Открытый прицел и запах напалма(СИ) — страница 2 из 11

Роман старался гасить в себе это внутренне несогласие. А что он мог сделать? Решительно ничего. В бурлящем котле гражданской войны всегда всплывает много мути и грязи, и понимание у таких людей, независимо от национальности, примитивное: что хочу, то и ворочу. Чем лучше тот же Сэм или Пикасо, два уголовника, что затянули Са**нова в историю с мародерством? Они ведь русские, местные. Естественный ход развития. Ибо, как известно: "Белые пришли - грабють, красные пришли - тоже грабють". В общем, лучше выругаться - и хватит об этом.

Откуда-то возник К**шеев, поправляя на своем плече автомат. Он подошел к Роману:

- О! Ты здесь. А я тебя искал.

- Я тебя тоже искал. Чай будешь?

- Можно.

К**шеев бросил взгляд на внедорожник:

- Красиво жить не запретишь.

- И воевать тоже, - ответил ему Роман. - Щедрый, однако, у них Аллах.

Самолет, покрутившись в воздухе, действительно убрался восвояси на "нэньку" Украину. Пилот решил, видимо, пока приберечь древние советские авиабомбы и ракеты. Либо вообще угрожал непонятно кому. Заданной ему цели ополченцы не могли знать.

Дали отбой тревоги.

"Ленд Ровер", сверкая лаковыми боками, куда-то укатил.

Бойцы вышли из-за строений, кустиков и деревцев. Потянулись обратно к казарме, рассосались по своим местам.



***




Около полудня объявили построение на плацу.

Бойцов выстроили буквой "П". К ним вышел командир "Востока".

Роман впервые вживую увидел Александра Ходаковского, которого представили по позывному "Скиф". Человек среднего роста, поджарый, лицо продолговатое, с еще не оформившейся бородкой. Вокруг глаз темнели круги от недосыпания. На нем был спецназовский комбинезон бойцов "Альфы", кепи и разгрузочный жилет - все черного цвета.

- Пока мы умираем за нашу свободу, - отрывисто и резко, словно задыхаясь, начал витийствовать Ходаковский, - какие-то твари разграбили часть, забрав личные вещи наших товарищей!
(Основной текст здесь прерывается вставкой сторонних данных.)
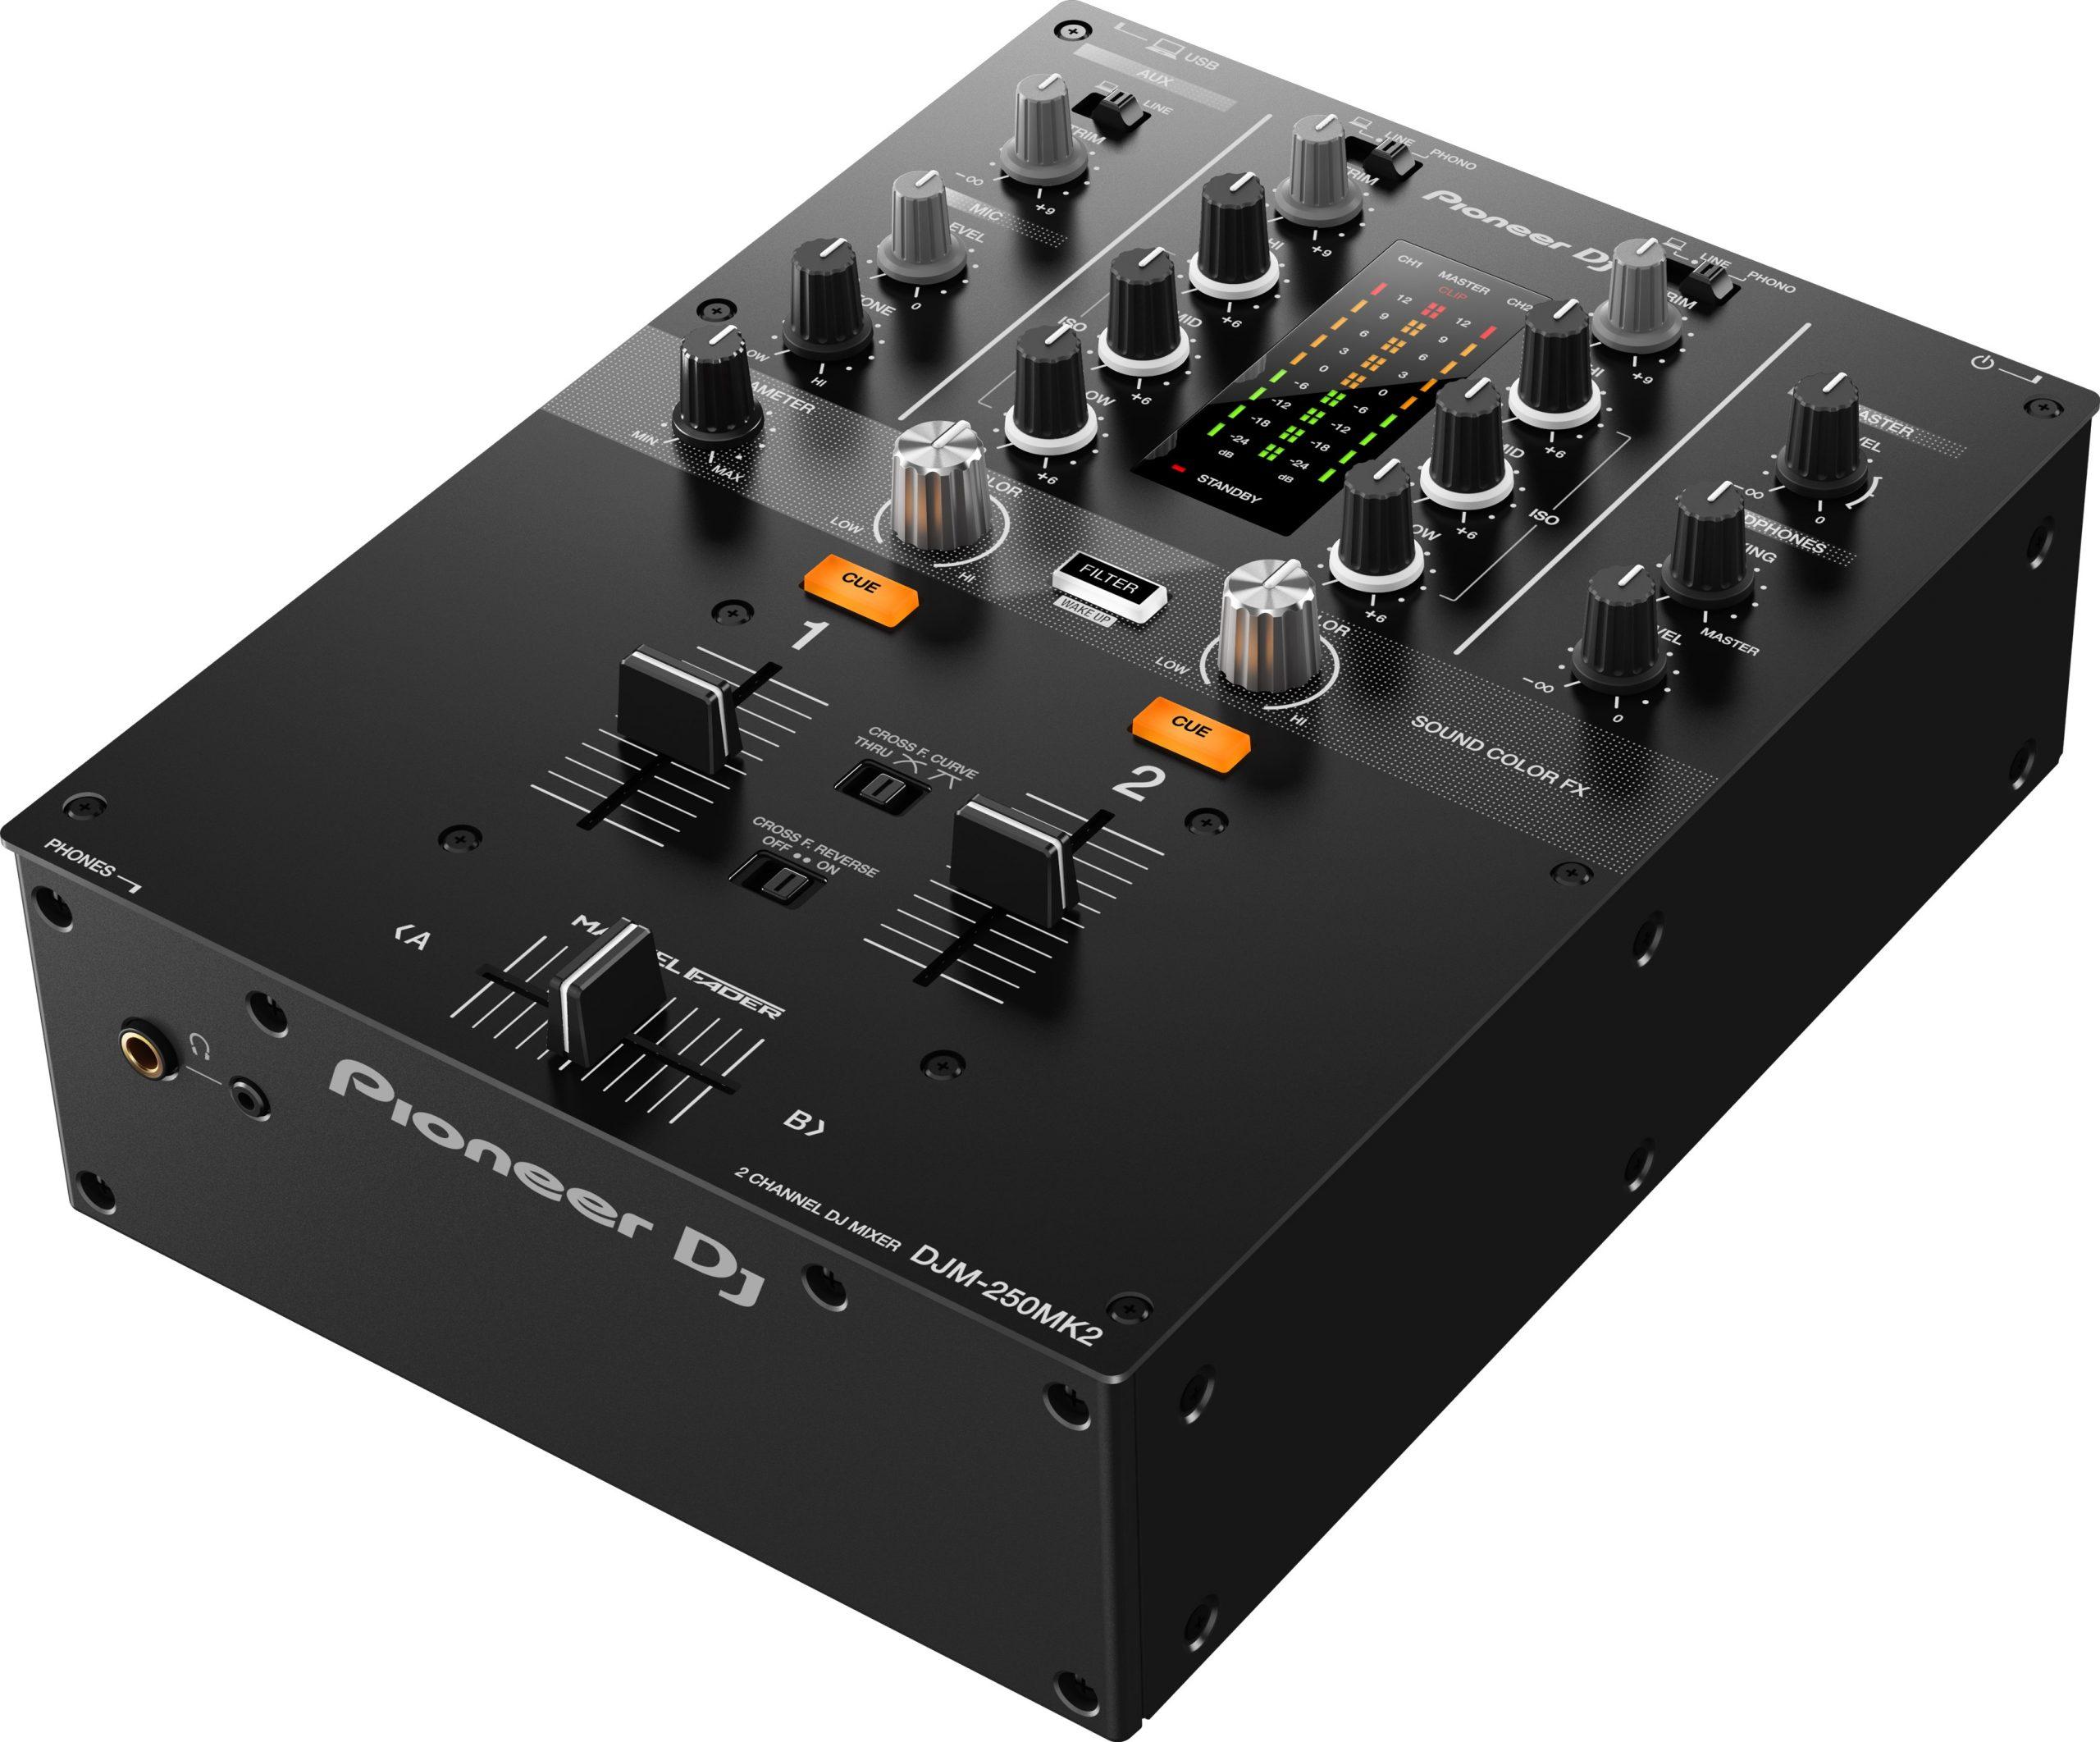 DJM-250MK2 (Two-Channel Mixer)

Этих крыс надо стрелять на месте!.." - и далее продолжил в том же духе.

Бойцы слушали комбата молча, с тяжелым взглядом на лицах, шевеля желваками. Ходаковский твердым шагом прохаживался перед строем, продолжал чеканить слова, подчеркивая их суровость внешним негодованием.

Роман голову не опустил, но прятал глаза и так стиснул зубы, что заболели челюсти. Сердце выпрыгивало из груди больше не от страха, а от стыда. Он почувствовал себя "чужим среди своих", не знал, куда спрятаться от рубящих командирских слов, ведь совесть не могла им противостоять. На душу легла горечь.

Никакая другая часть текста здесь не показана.